§ **Task instructions**:
Reproduce the data below in full and to the letter, images excepted.

§ **Dataset section**:
'''

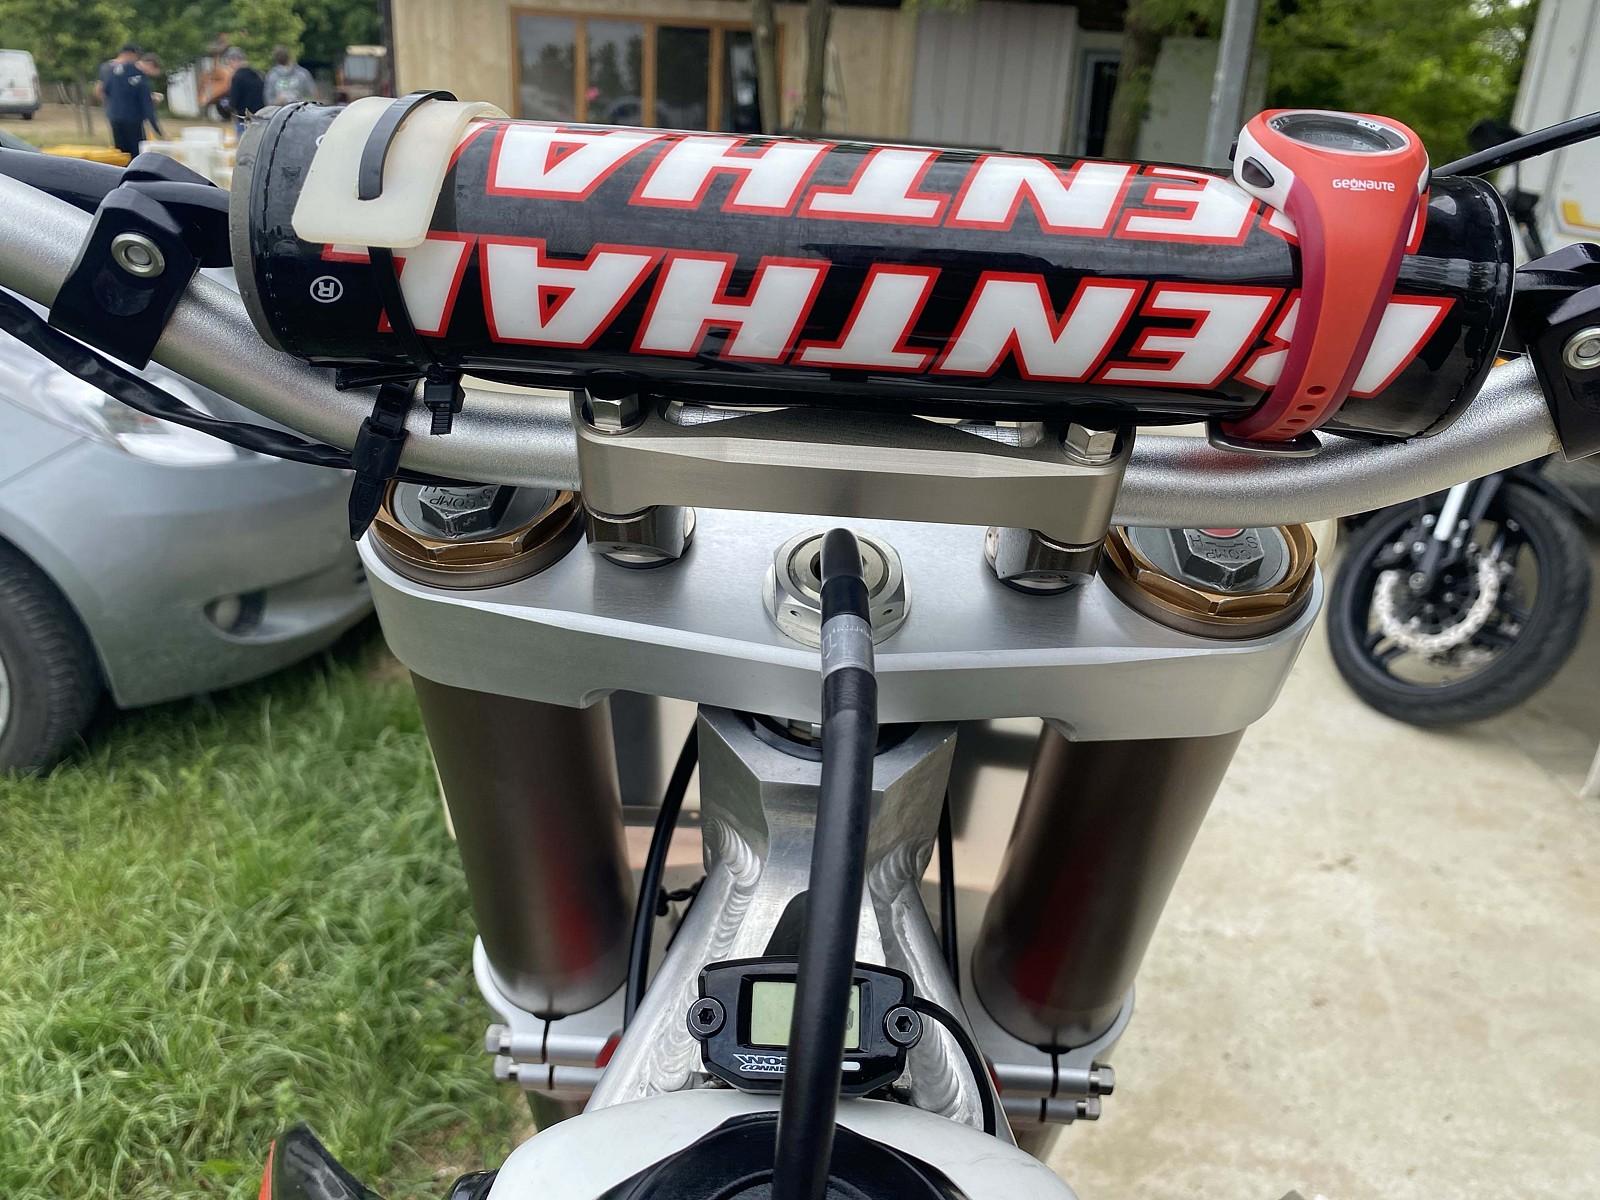 triple clamp HRC replica - Debegio - Motocross Pictures - Vital MX
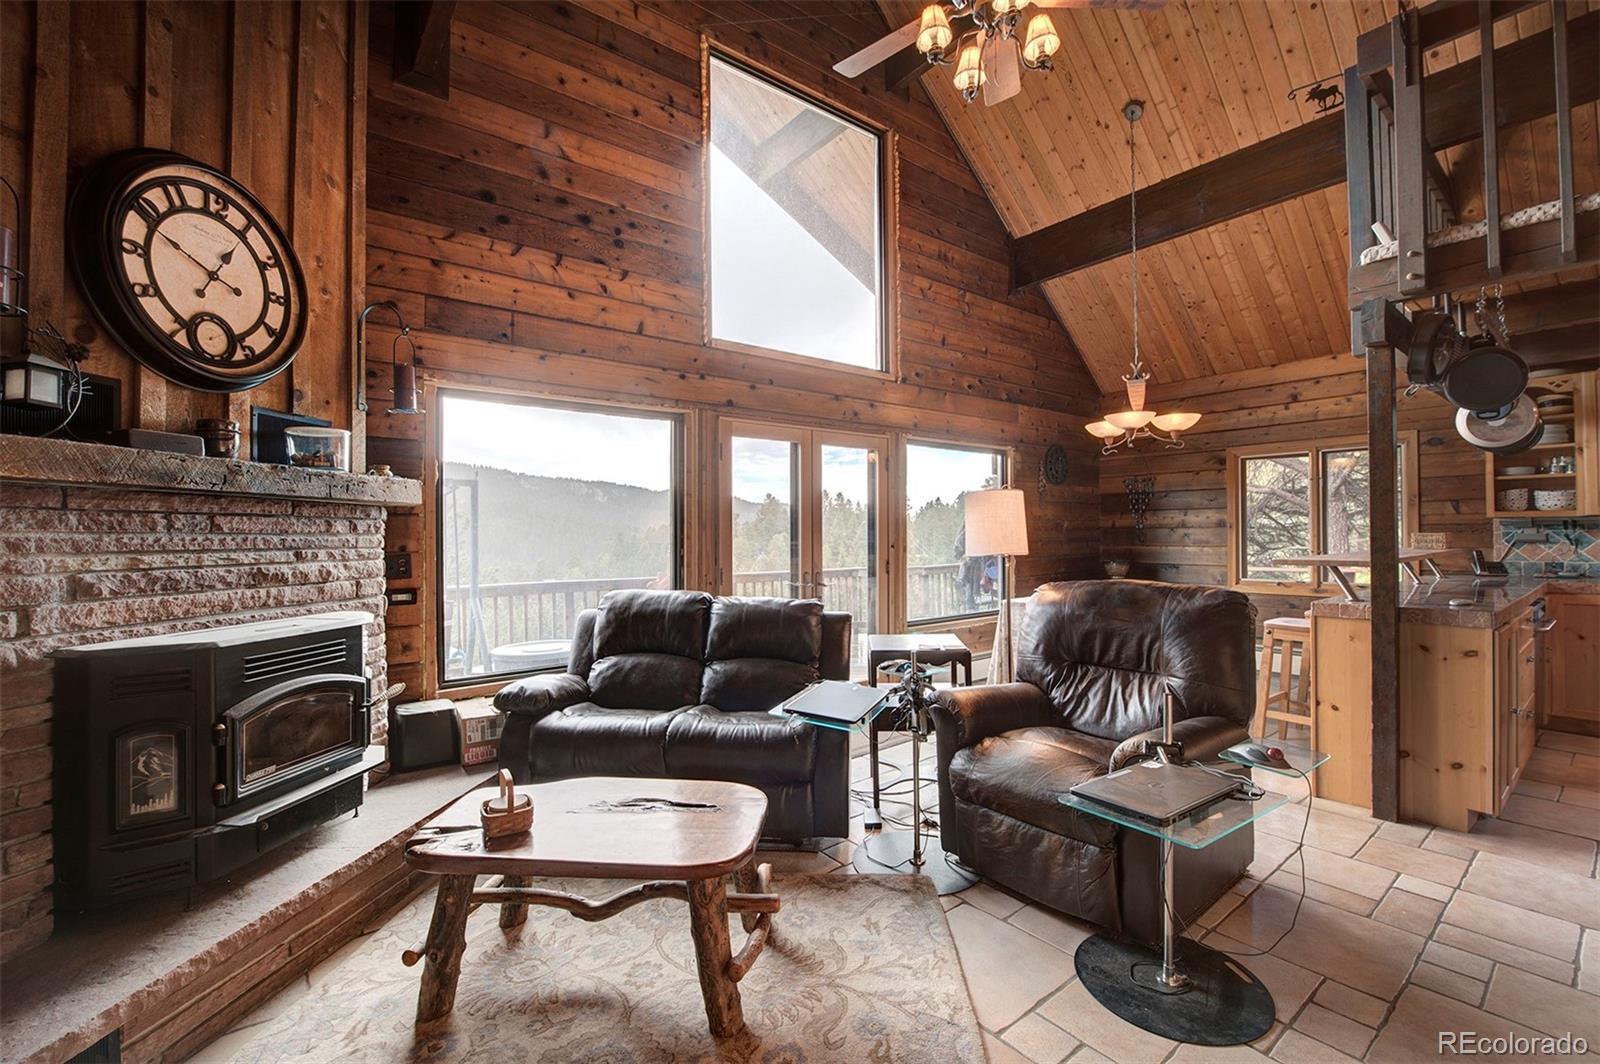 MLS# 6922377 - 5 - 12123 Geronimo Trail, Conifer, CO 80433
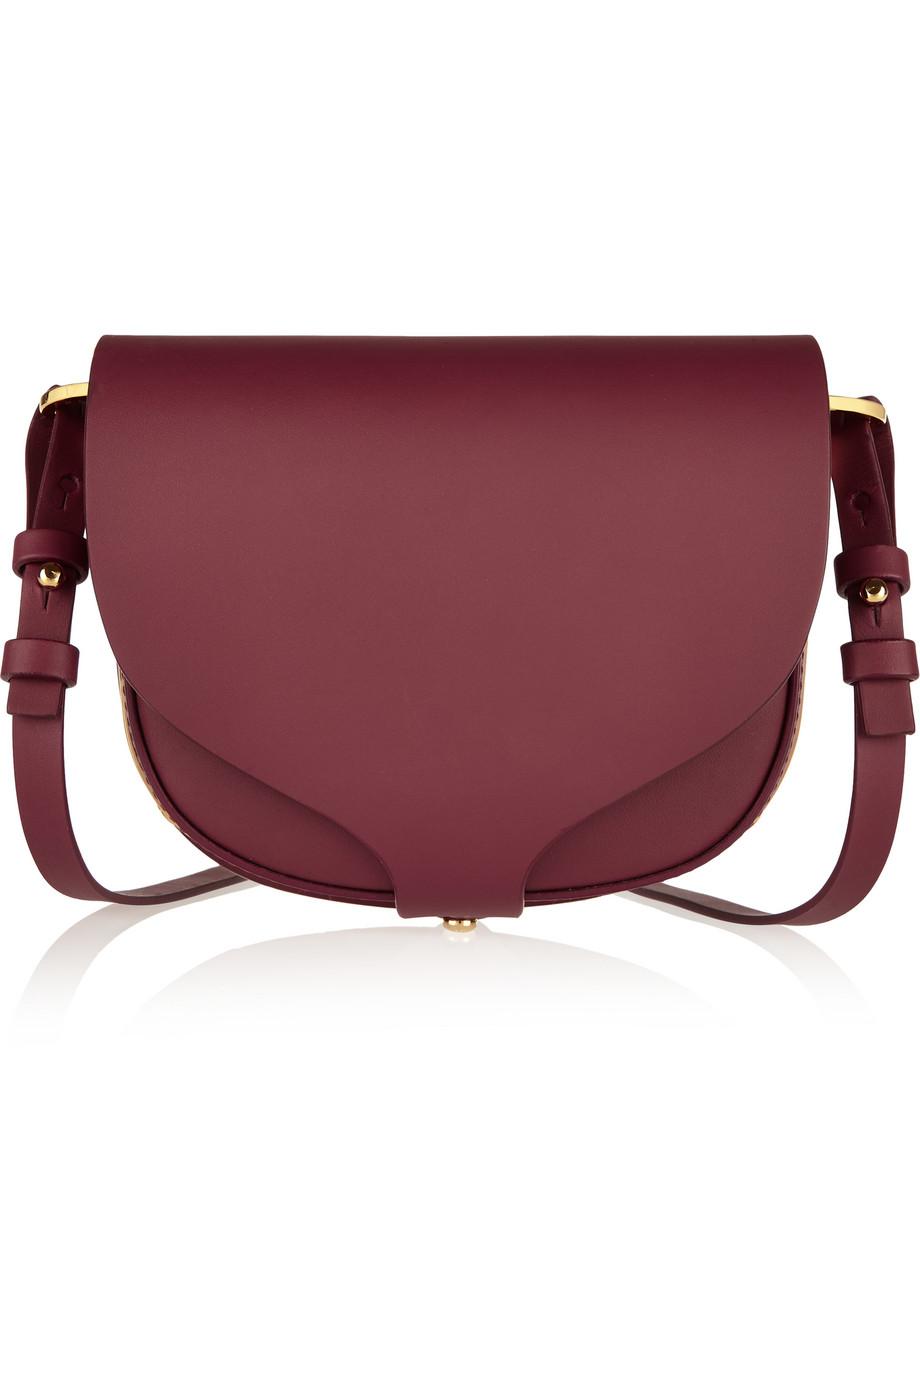 Sophie Hulme Barnsbury Mini Leather Shoulder Bag, Burgundy, Women's
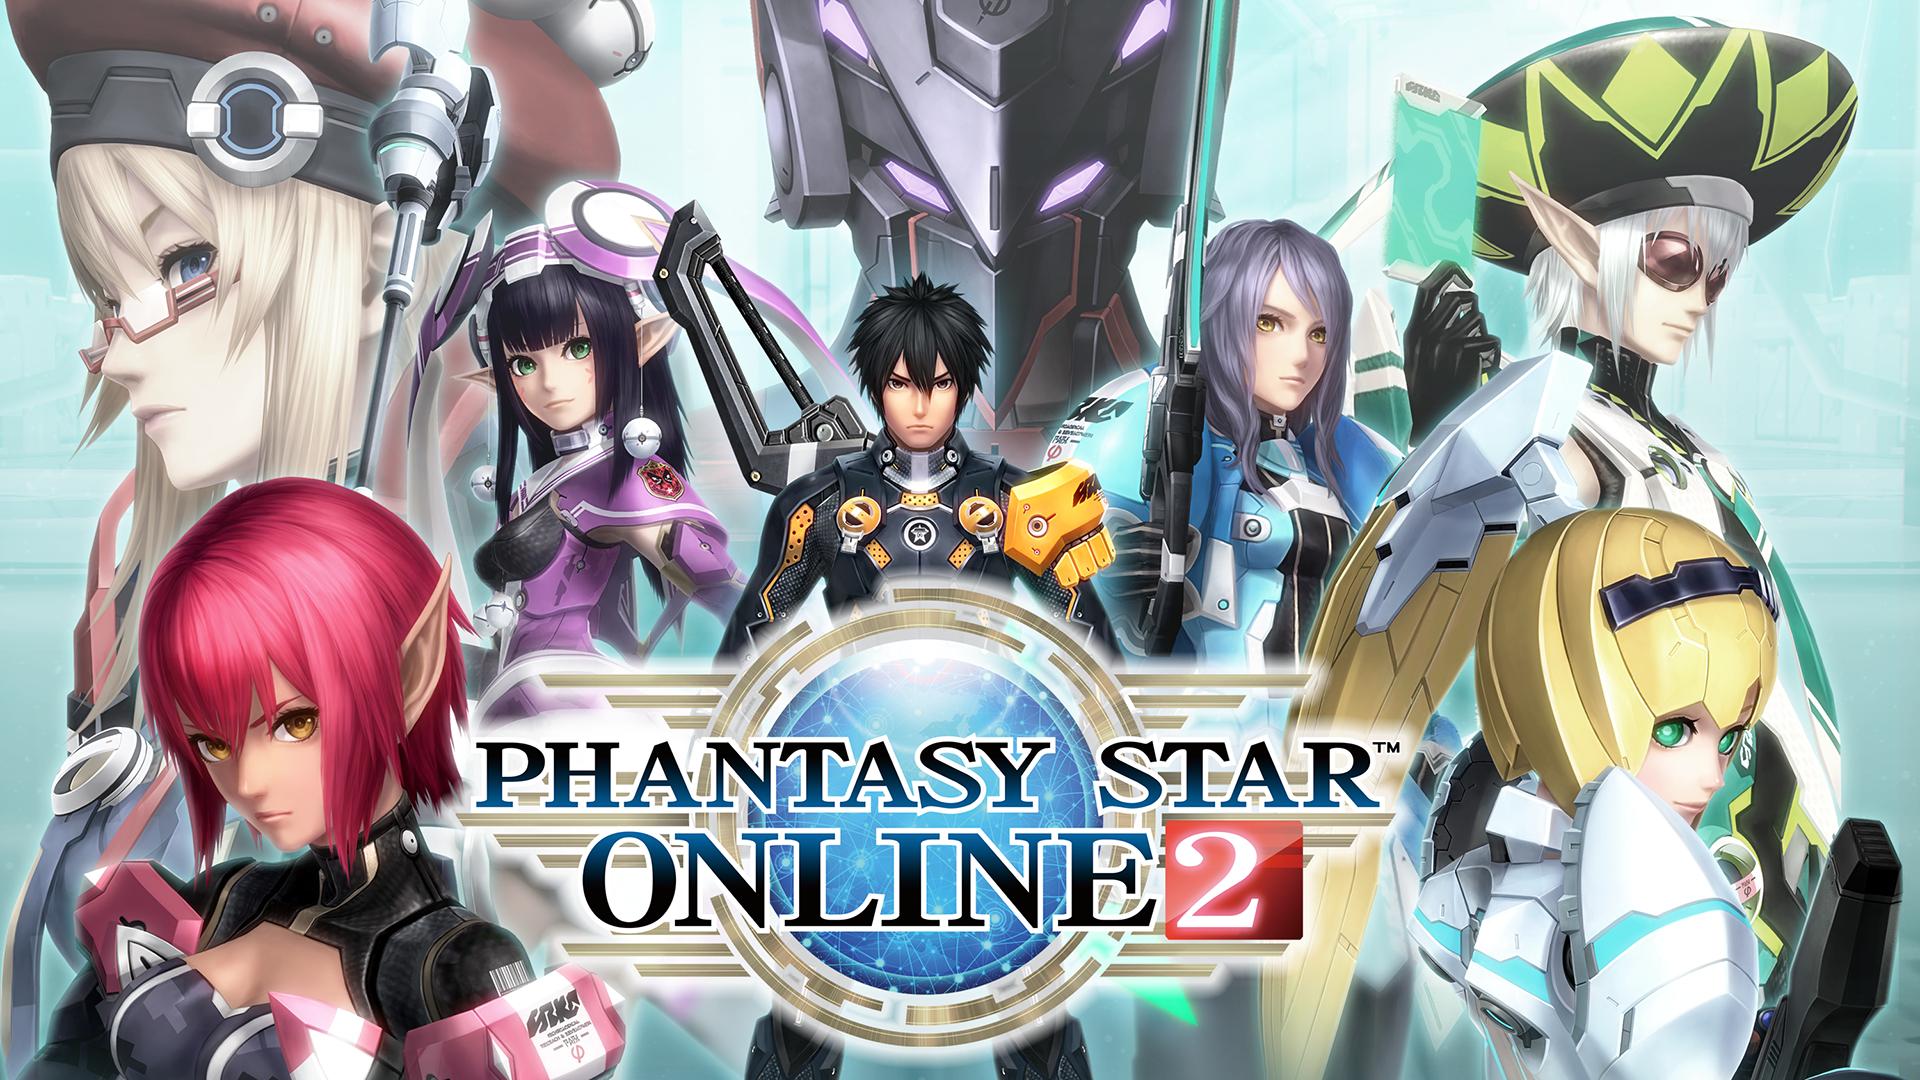 DewaGG | Phantasy Star Online 2 akan hadir di Steam pada 5 Agustus - DewaGG

'''

§ **Solution to this task**:
 triple clamp HRC replica - Debegio - Motocross Pictures - Vital MX
 MLS# 6922377 - 5 - 12123 Geronimo Trail, Conifer, CO 80433
 Sophie Hulme Barnsbury Mini Leather Shoulder Bag, Burgundy, Women's
 DewaGG | Phantasy Star Online 2 akan hadir di Steam pada 5 Agustus - DewaGG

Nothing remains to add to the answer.